Difficulty: Easy | Acceptance: 62.80% | Paid: No Topics: Array, Greedy, Sorting
A shop is selling candies. Each candy has a price given by the array cost where cost[i] is the price of the ith candy.
The shop offers a discount if you buy two candies at the same time. Specifically, if you buy two candies, you can get the third candy for free (the third candy must be one of the cheapest among the three candies you bought).
Return the minimum cost to buy all the candies.
- Examples
- Constraints
- Approach 1: Sorting (Greedy)
- Approach 2: Counting Sort (Frequency Array)
Examples
Example 1:
Input: cost = [1,2,3]
Output: 5
Explanation: We buy the candies with costs 2 and 3, and get the candy with cost 1 for free. The minimum cost is 5.
Example 2:
Input: cost = [6,5,7,9,2,2]
Output: 23
Explanation: We buy the candies with costs 9, 7, and 5, and get the candy with cost 6 for free. Then we buy the candies with costs 2 and 2, and get the candy with cost 2 for free. The minimum cost is 23.
Example 3:
Input: cost = [5,5]
Output: 10
Explanation: Since there are only 2 candies, we buy both of them. There is no discount applicable. The minimum cost is 10.
Constraints
1 <= cost.length <= 100
1 <= cost[i] <= 100
Sorting (Greedy)
Intuition To minimize the total cost, we want the free candies to be as expensive as possible. By sorting the costs in descending order, we can group the most expensive candies together. In every group of three, the smallest one (which is the last one in the sorted triplet) is free, ensuring we pay for the two most expensive ones in that group.
Steps
- Sort the array of costs in descending order.
- Iterate through the sorted array.
- For every candy at index
i, if(i + 1) % 3 != 0(meaning it’s the 1st or 2nd in a group of 3), add its cost to the total. - Return the total.
class Solution:
def minimumCost(self, cost: List[int]) -> int:
cost.sort(reverse=True)
total = 0
for i, c in enumerate(cost):
if i % 3 != 2:
total += c
return totalComplexity
- Time: O(n log n) due to sorting.
- Space: O(1) or O(n) depending on the sorting algorithm’s space complexity.
- Notes: This is the most straightforward approach and is efficient enough given the constraints.
Counting Sort (Frequency Array)
Intuition Since the cost of a candy is limited to a maximum of 100, we can use a frequency array (counting sort) to avoid the O(n log n) sorting overhead.

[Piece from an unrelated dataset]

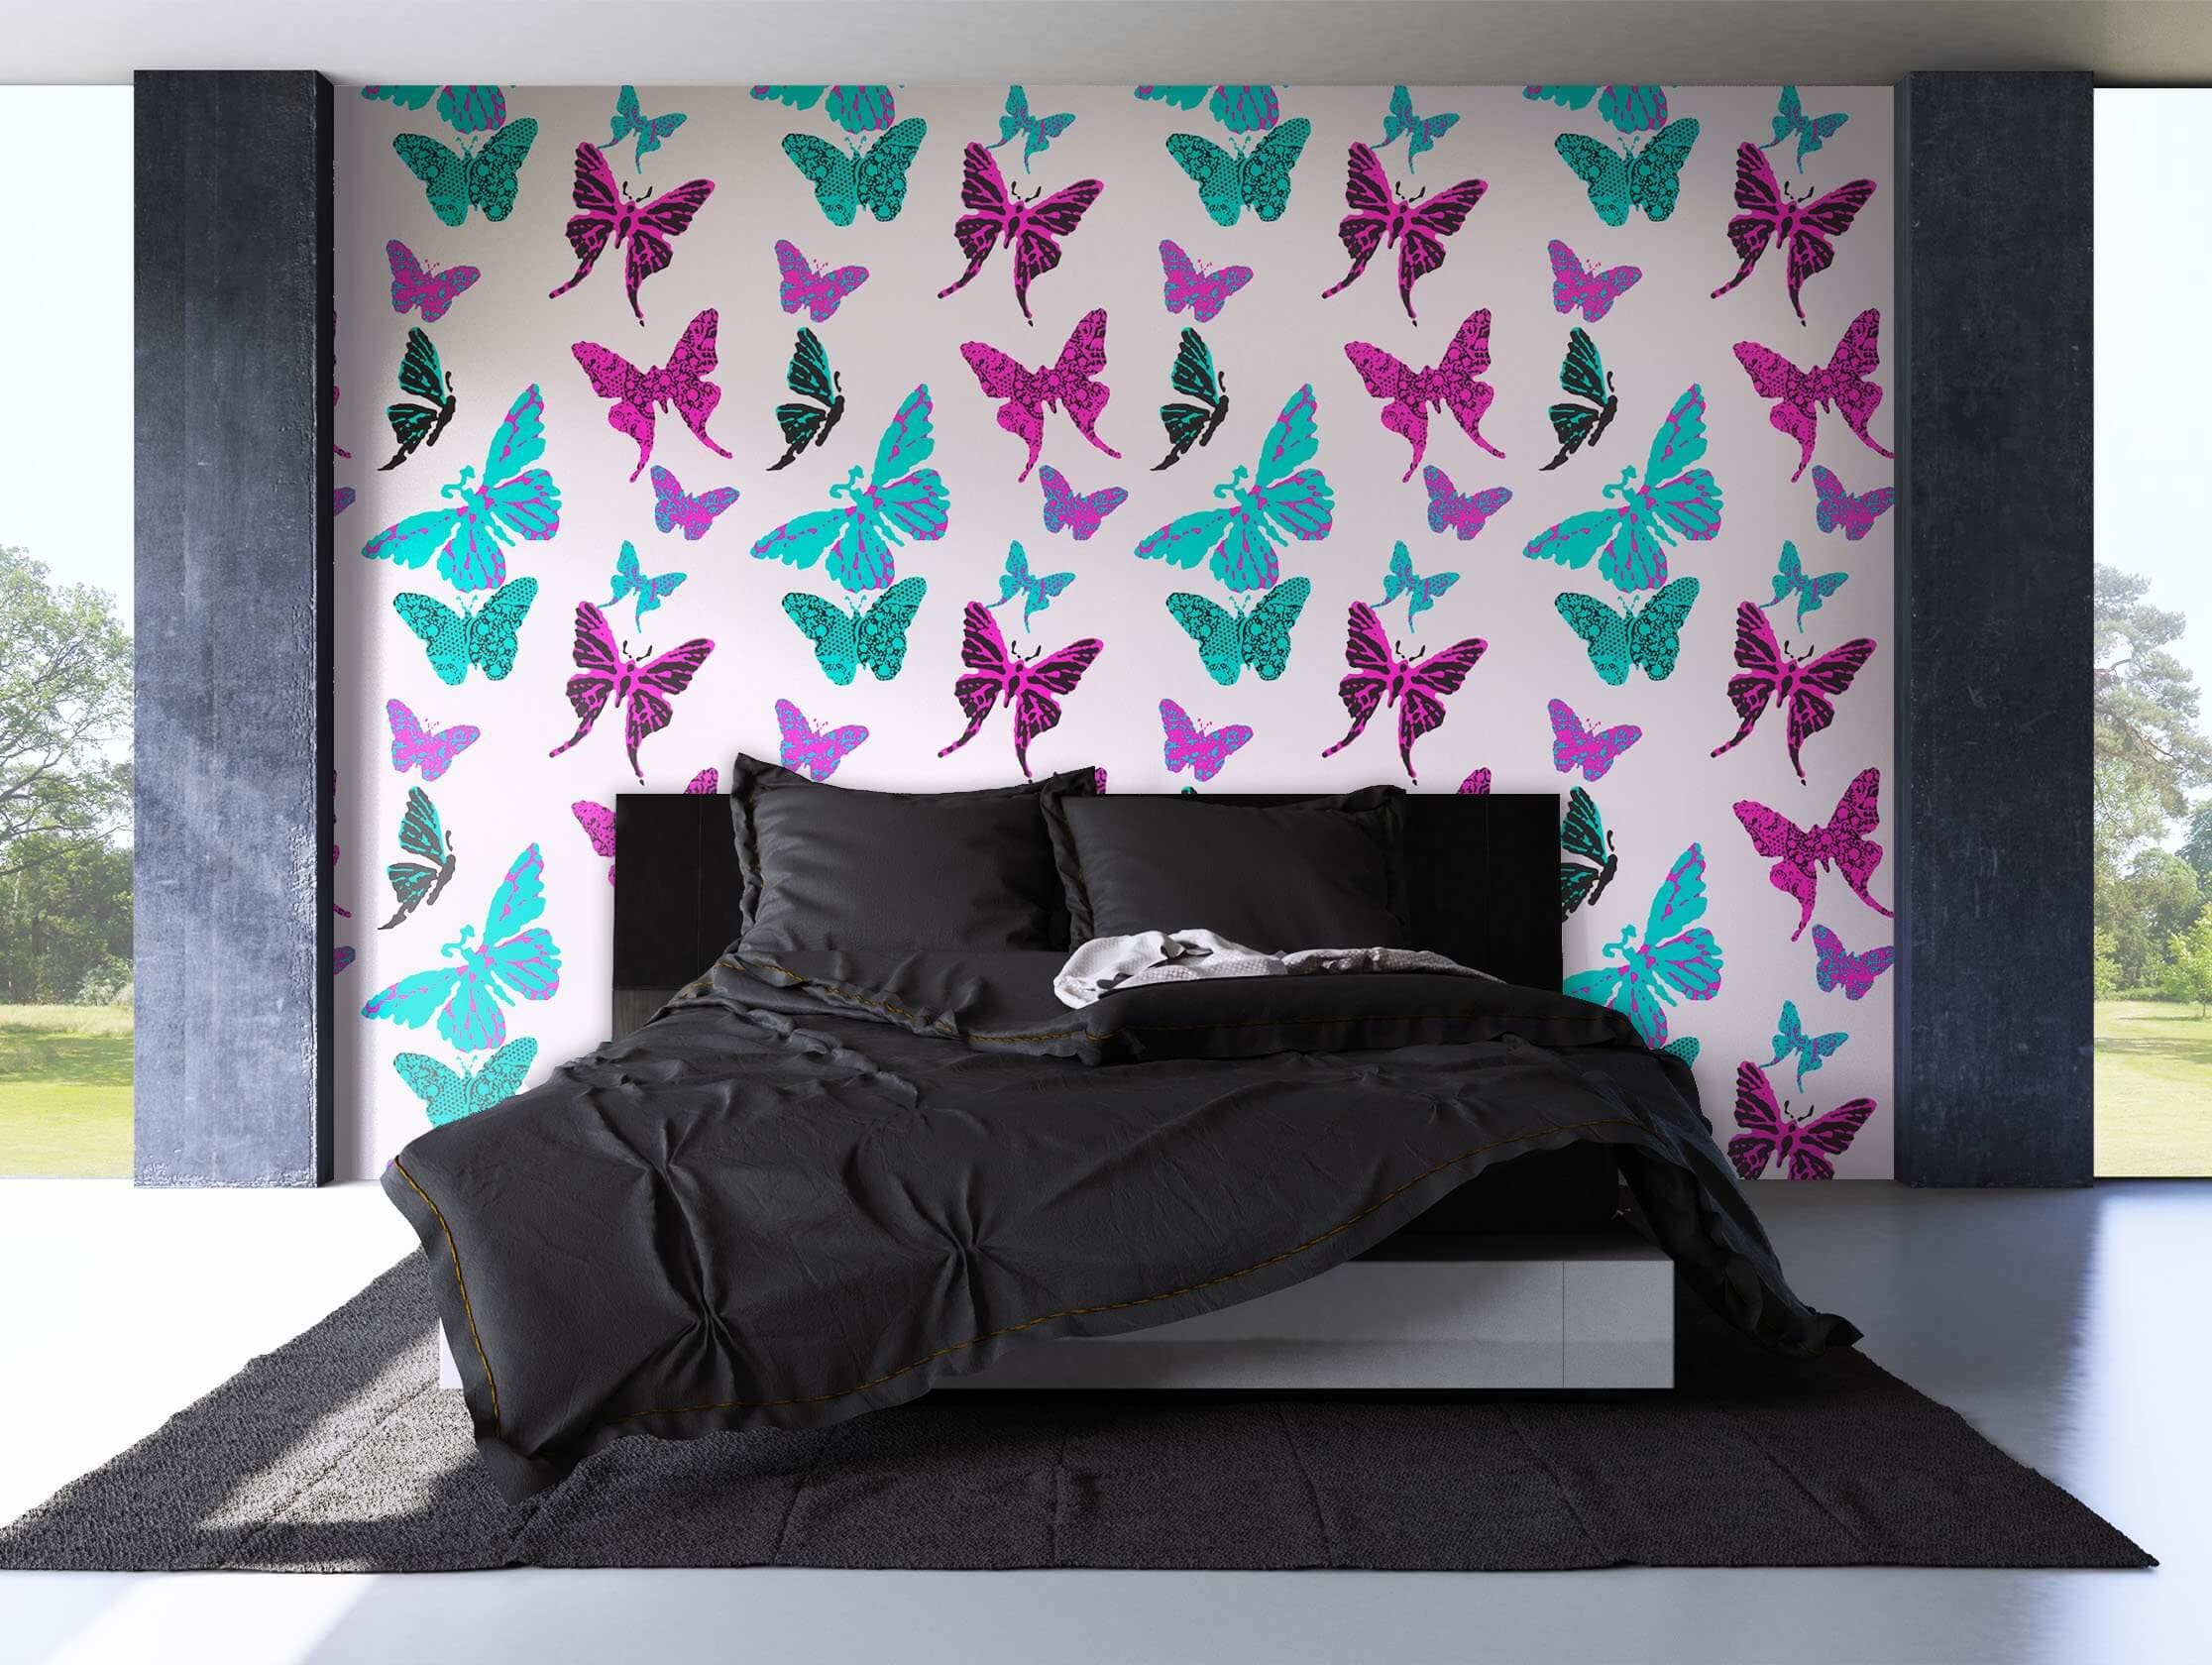 ... Tapete Schmetterlinge Dekoration Pink Rosa Lila Türkis Papillon Papillon

We iterate from the highest cost down to the lowest, simulating the purchase process.
Steps
- Initialize a frequency array of size 101 with zeros.
- Populate the frequency array by counting occurrences of each cost.
- Iterate from cost 100 down to 1.
- For each cost, while there are candies available at that price, simulate buying them. Keep a counter of candies processed. If the counter is not a multiple of 3 (i.e., not the 3rd candy), add the cost to the total.
- Return the total.
class Solution:
def minimumCost(self, cost: List[int]) -> int:
freq = [0] * 101
for c in cost:
freq[c] += 1
total = 0
count = 0
for i in range(100, 0, -1):
while freq[i] > 0:
if count % 3 != 2:
total += i
count += 1
freq[i] -= 1
return totalComplexity
- Time: O(n + k) where n is the number of candies and k is the range of costs (100). This simplifies to O(n).
- Space: O(k) for the frequency array, which is O(1) since k is constant (101).
- Notes: This approach is theoretically faster than sorting for large n, though for n <= 100, the difference is negligible.